Employees in organisations that neglected their staff during the lockdown are sitting tight because they can see the market is flooded with jobless people. Crowder says that even if staff are unhappy, they're staying put because it's all they've got at the moment. "This isn't healthy from a productivity, cultural, or wellbeing point of view."
"Being able to communicate sincerely and genuinely, to both your staff and wider stakeholders is critical. When we run staff engagement surveys for organisations, poor communication is often cited as the worst thing. It upsets people when they read in the newspaper what's happening in their firm; they want to hear news from somebody inside the house.
Businesses need to be more transparent in their communications. "When people worry about their jobs, it's important to say: 'this is an insight as to what our financials look like right now.' You don't have to give them chapter and verse. You can deliver it in a way that people in the room will understand and what it means to them. Because the 'what does this mean to me' factor is what people are most interested in."
Even in these difficult times, businesses need to demonstrate integrity and their core values in their DNA. "Culture is your shop window to clients or customers and your biggest recruitment and retention tool. While there are some tough decisions to make around headcount, you need to include many voices around the table and carry people with you. The minute you compromise on your values, then you start to get in deep water."
Rethink your skills strategy for a post-COVID world
The new challenges COVID-19 poses for businesses require new skills to deal with them. Crowder says: "The pandemic is forcing organisations to snap out of an antiquated way of teaching people, to embrace technology, and adopt a much more inclusive approach to upskilling and reskilling people of all ages, across all communities."
While upskilling has a positive motivational impact on employees, by thinking now about teams' future skill requirements, businesses can position themselves strongly. With some roles having changed drastically to adjust to circumstances, the crisis has allowed people to develop new skills and identify where they fall short.
Crowder says HR teams need to put human capital back on the boardroom agenda, developing better short-term horizon scanning and helping boards be more open to how technology can help.
The World Economic Forum recently claimed that financial services will automate up to 30% of roles over the next six months.
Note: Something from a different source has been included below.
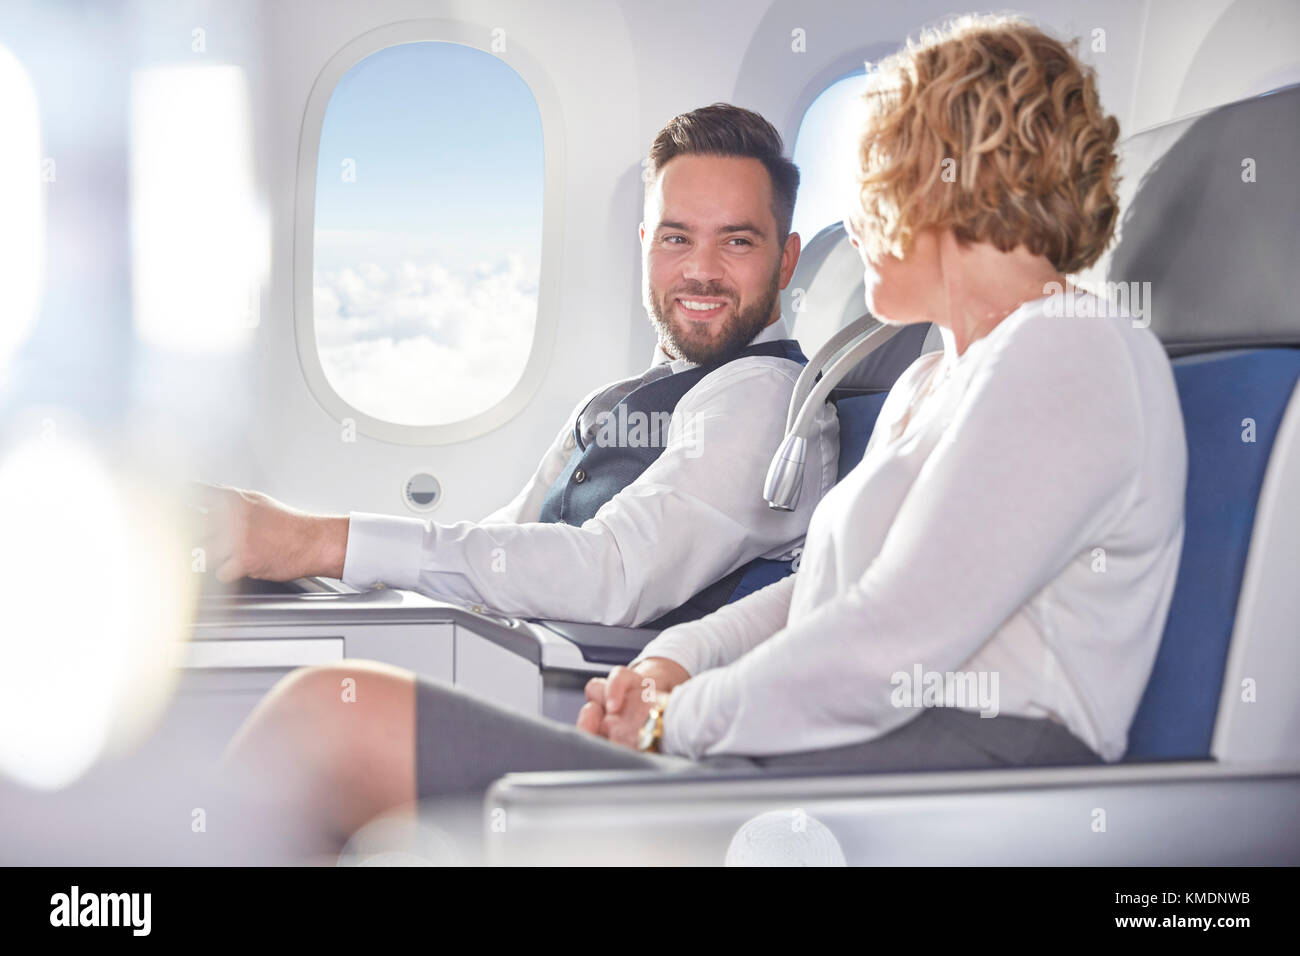 Lächelnder Geschäftsmann und Geschäftsfrau im Flugzeug Stockfoto
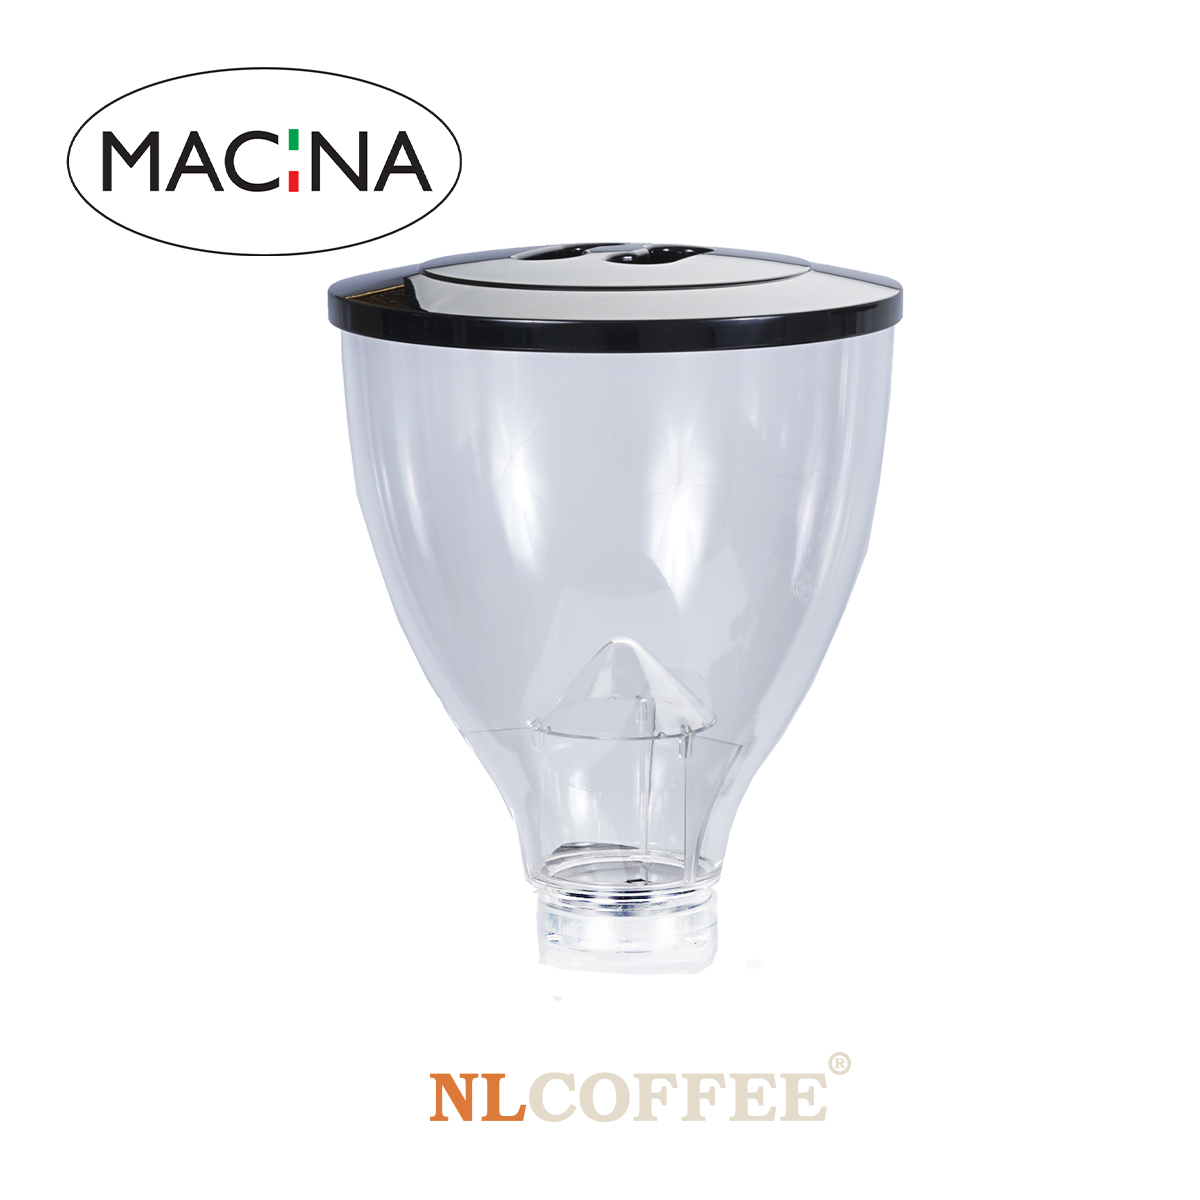 โถเมล็ดกาแฟ Macina ขนาด 1200 กรัม

Crowder says about this: "Organisations need to adapt and be agile and see the opportunity through positive lenses. There needs to be transparency on that as well and say 'it is our strategy to use tech to undertake these sorts of roles so let's work with these people to upskill them now so they can transition into new roles'."
A disengaged, demotivated and distant team is akin to putting the wrong fuel in the car. A retuning exercise, based on proactive communication, transparency, core values and an evaluation of skills can help ensure your people are optimised for the race ahead.